L’ensemble apporte une énergie aux numéros de danse (chorégraphiés par Anjali Mehra) et joue de divers instruments tout au long, démontrant les excellentes compétences d’acteur et de musicien que le public aime et attend du Watermill. Cependant, les éléments comiques sont les plus réussis. Des vagues de rire résonnent presque constamment dans l’auditorium tandis que le duo comique Goran (Alexander Zane) et Boris (Sam Pay) est sur scène. Spies, envoyés de la fictive Vulgaria par le despotique Baron Bomburst (Samuel Morgan-Grahame) pour réquisitionner Chitty Chitty Bang Bang pour le sien, ils offrent la quantité parfaite de burlesque et d’improvisation aux côtés d’un scénario tranchant comme un rasoir (adapté pour la scène par Jeremy Sams, adaptation sous licence du scénario par Ray Roderick).
Augmenter davantage les niveaux d’ocytocine est un portrait captivant de la baronne Bomburst (Mairi Ikegami). Aux côtés du Baron de Morgan-Grahame, ils tracent habilement une ligne entre le très comique et le bord du danger. Nous rions de leurs défauts et de leurs faiblesses, mais il y a de la profondeur dans les deux caractérisations, alors que des allusions à leurs tendances tyranniques éclatent. D’un seul coup, ils nous montrent comment ce couple assez ridicule pourrait détenir le pouvoir sur le peuple opprimé de Vulgaria. Il ne faut pas beaucoup d’imagination (aidée par un indice occasionnel dans le scénario) pour faire des parallèles avec certaines situations politiques actuelles.

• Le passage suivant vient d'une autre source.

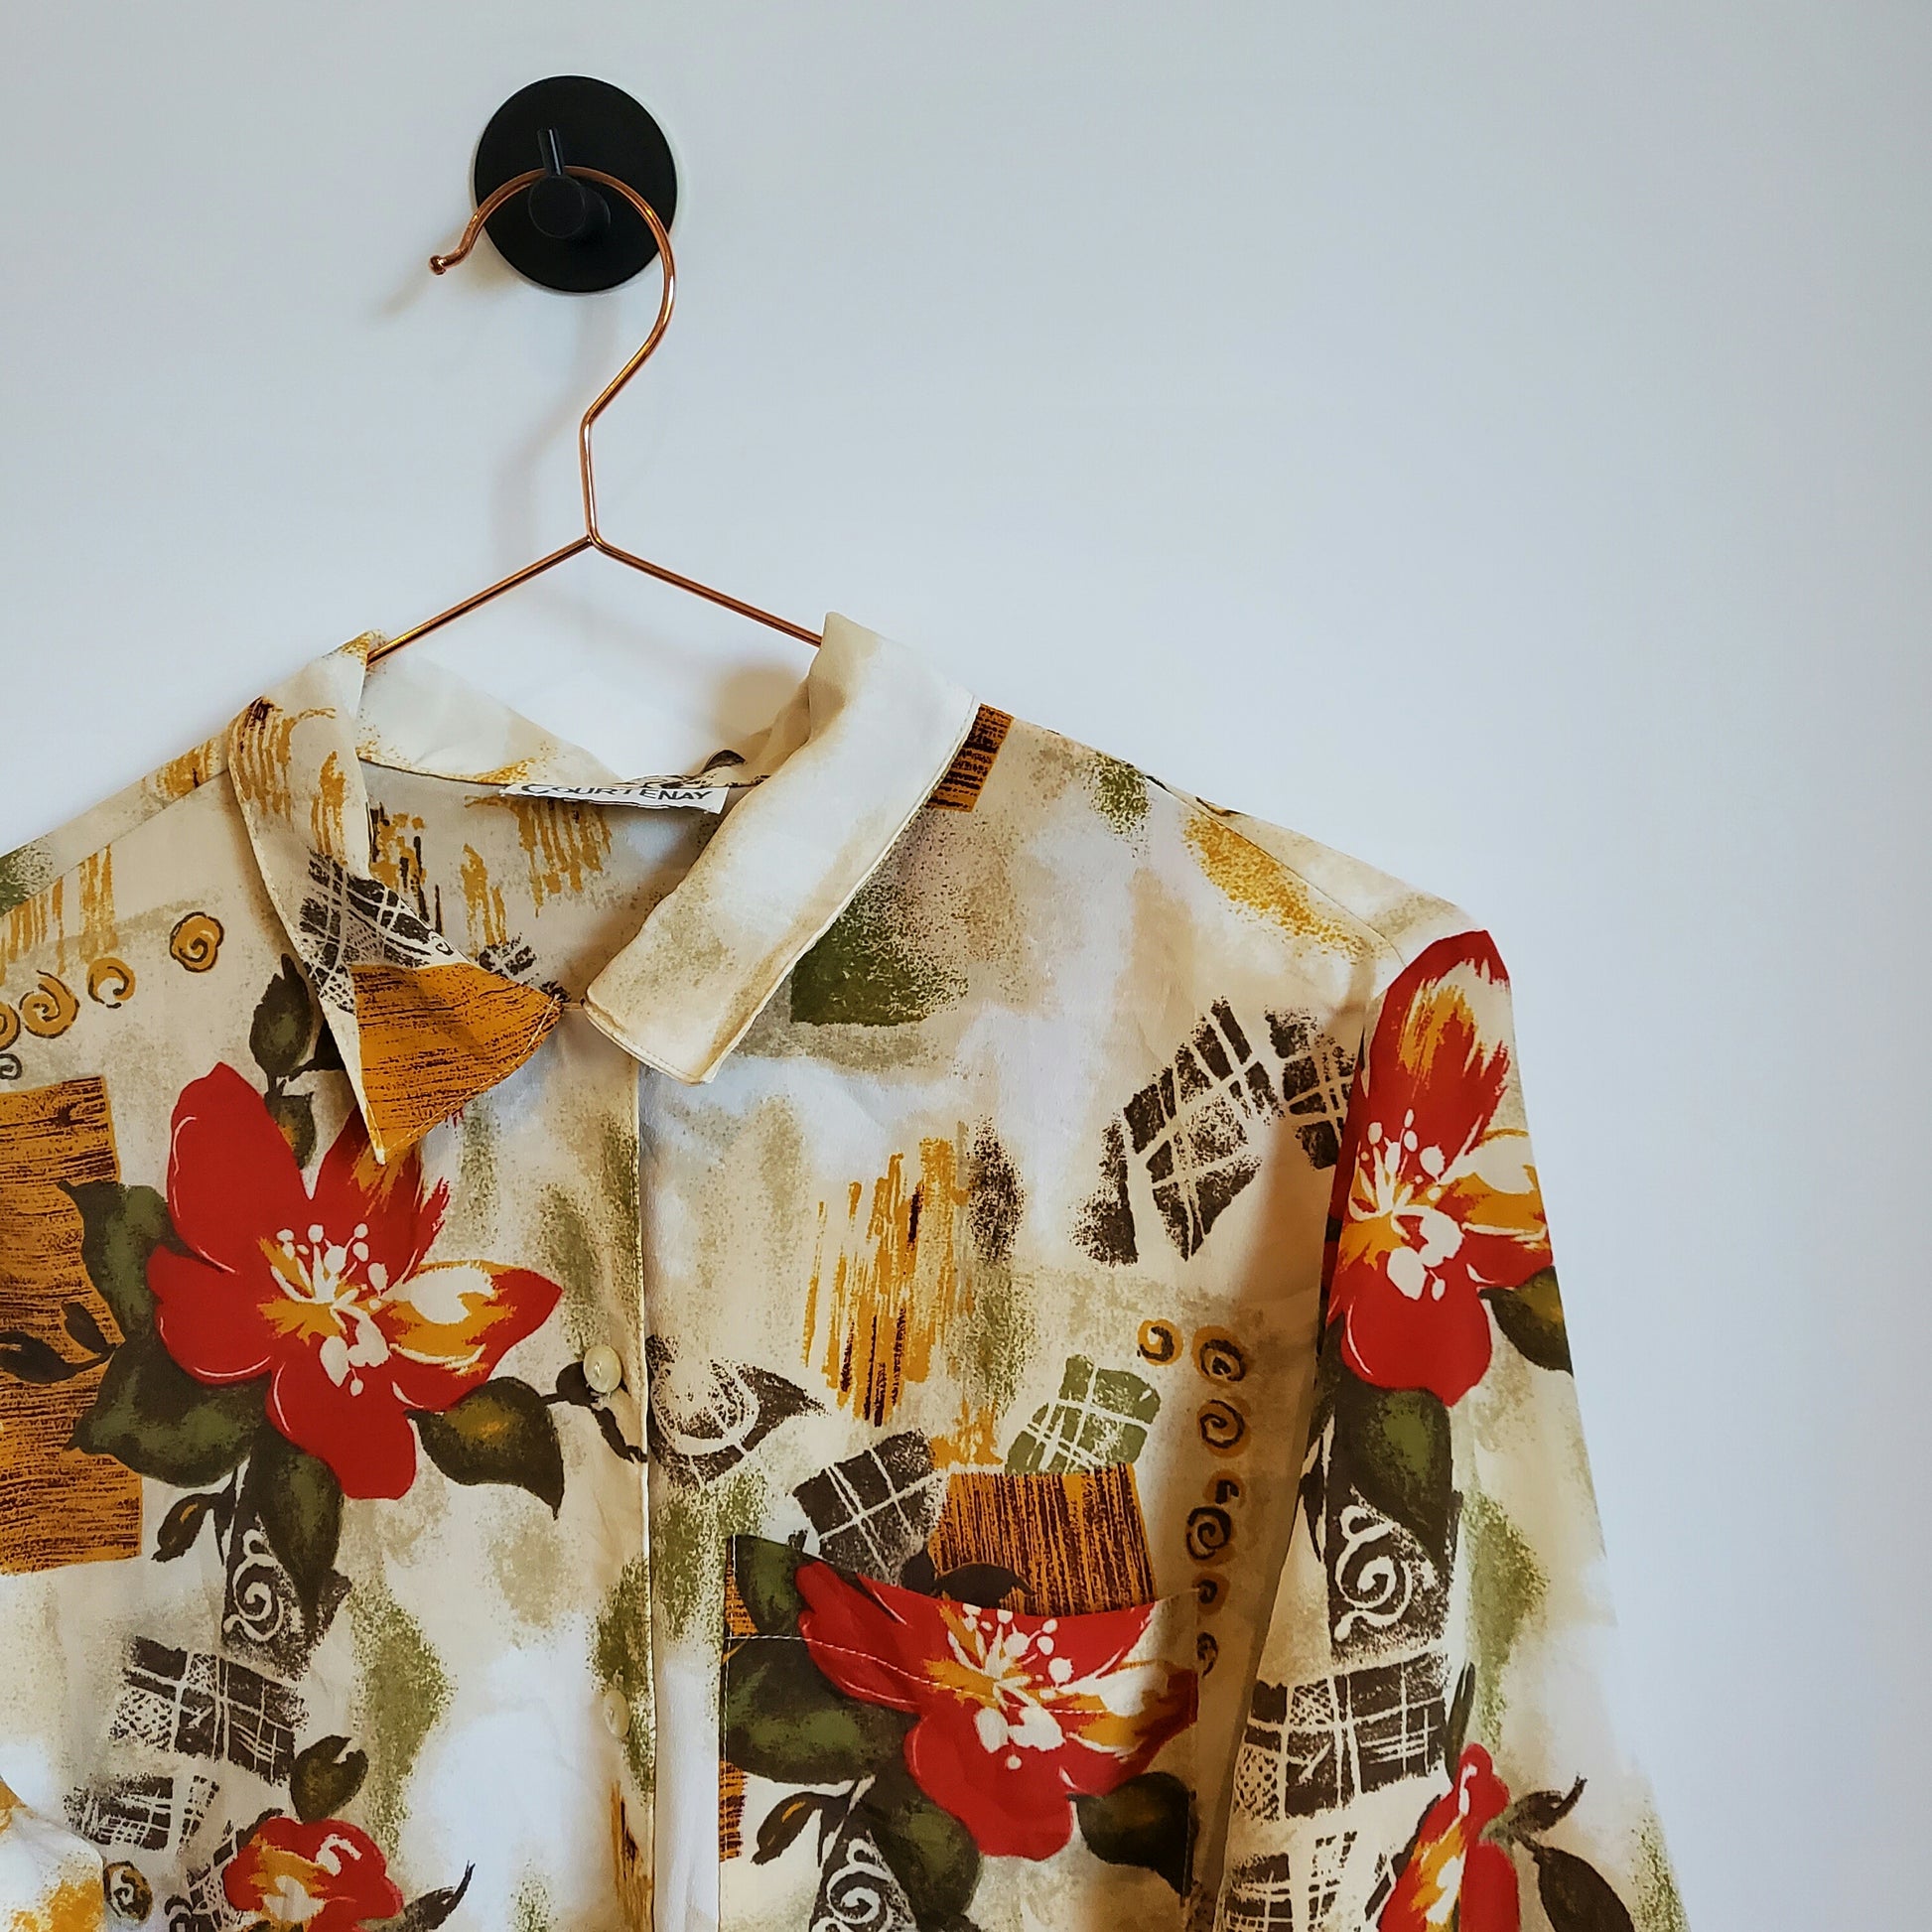 Vintage 90s Floral Blouse Beige and Red Size 8-10

Les équipes de conception et d’accessoires se sont certainement amusées ; Les différentes marionnettes canines de Marc Parrett sont adorables et inventives, et la construction de la voiture elle-même est extrêmement innovante : elle semble à la fois robuste et est facilement soulevée et manipulée par seulement quelques acteurs, un de chaque côté. Des objets gonflables émergent de dessous un instant, des ailes apparaissent l’instant d’après. Divers autres accessoires et moyens ingénieux de représenter leur mouvement suscitent l’admiration joyeuse du public, et la scénographie (Katie Lias) évoque avec justesse l’atmosphère d’une maison d’inventeur à la fois confortable et aléatoire, avec des coins et recoins remplis de rouages, de bobines et de bibelots. Les costumes (également de Lias) fonctionnent bien, avec le brillant et l’audacieux du baron et de la baronne contrastant avec la simplicité rustique des Vulgariens opprimés et de la famille Potts économiquement modeste.

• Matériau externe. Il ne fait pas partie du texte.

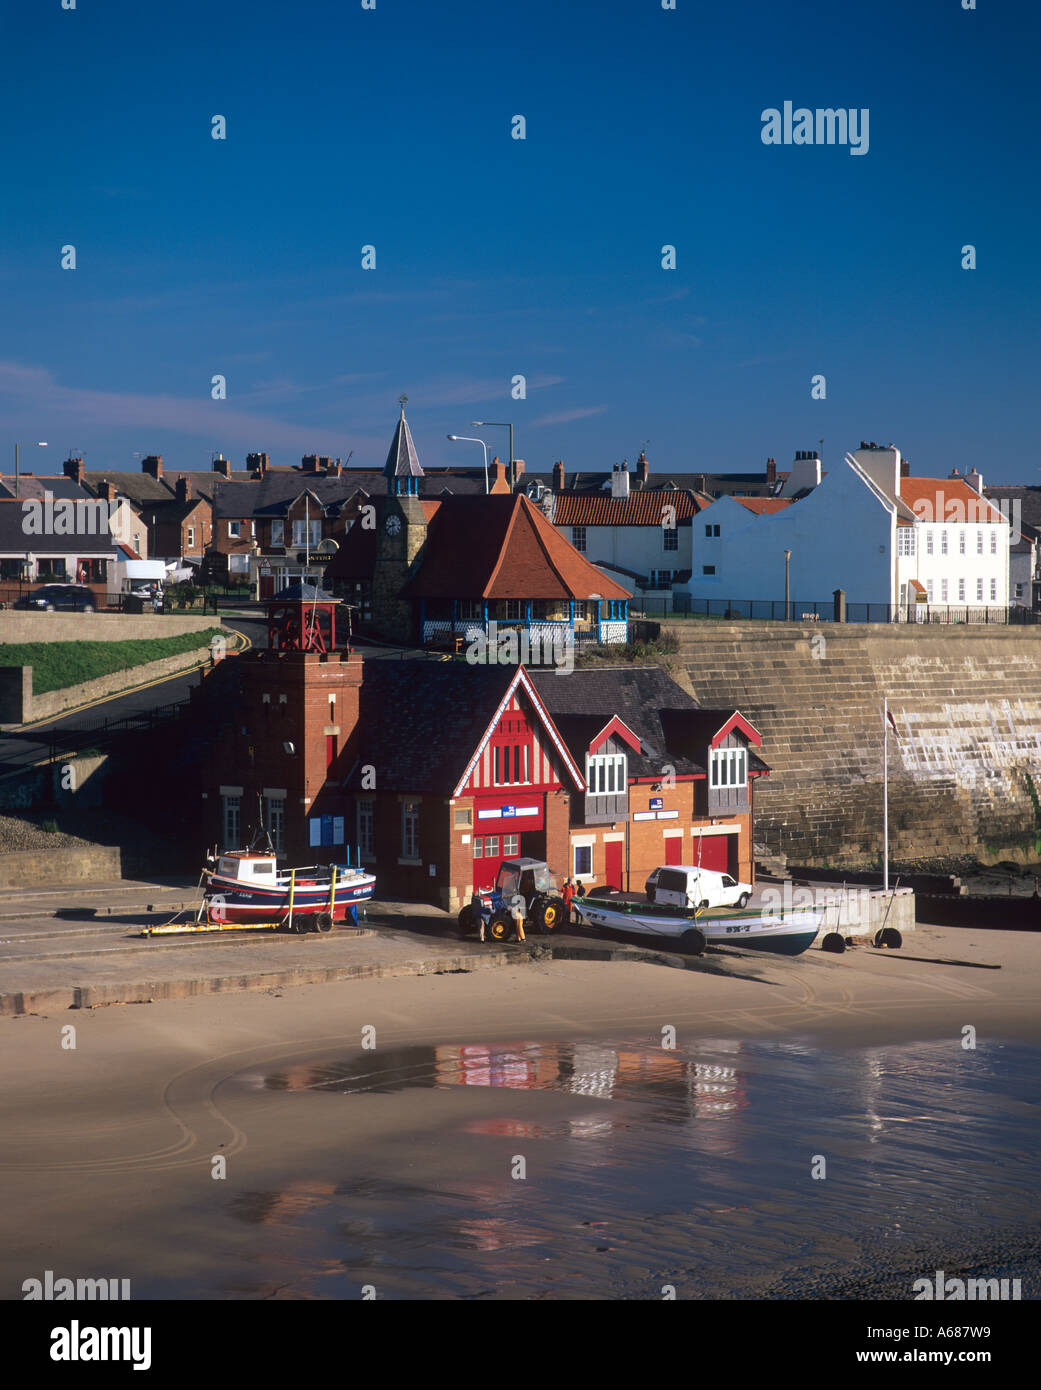 The Old Lifeboat Station Cullercoats Tyne and Wear England UK Stock Photo

Comme pour d’autres productions musicales estivales récentes de ce foyer régional, une partie du spectacle est mise en scène en plein air dans le cadre idyllique au bord de la rivière. Sur les traces de Caractacus, les clients se rendent à l’extérieur sous un grand chapiteau blanc pour les scènes de fête foraine. L’interaction du public et quelques danses joyeuses à la Morris font de ce séjour relativement court en plein air un intermède agréable. Au contraire, un temps légèrement prolongé en extérieur serait le bienvenu – clignez des yeux et vous êtes de retour à l’intérieur avant de vous en rendre compte.
Cela dit, c’est une expérience théâtrale sans vergogne exubérante. Si vous recherchez un spectacle d’été pour célébrer la famille, l’aventure et la créativité, celui-ci est fait pour vous. Une célébration débordante de joie et de rire du début à la fin.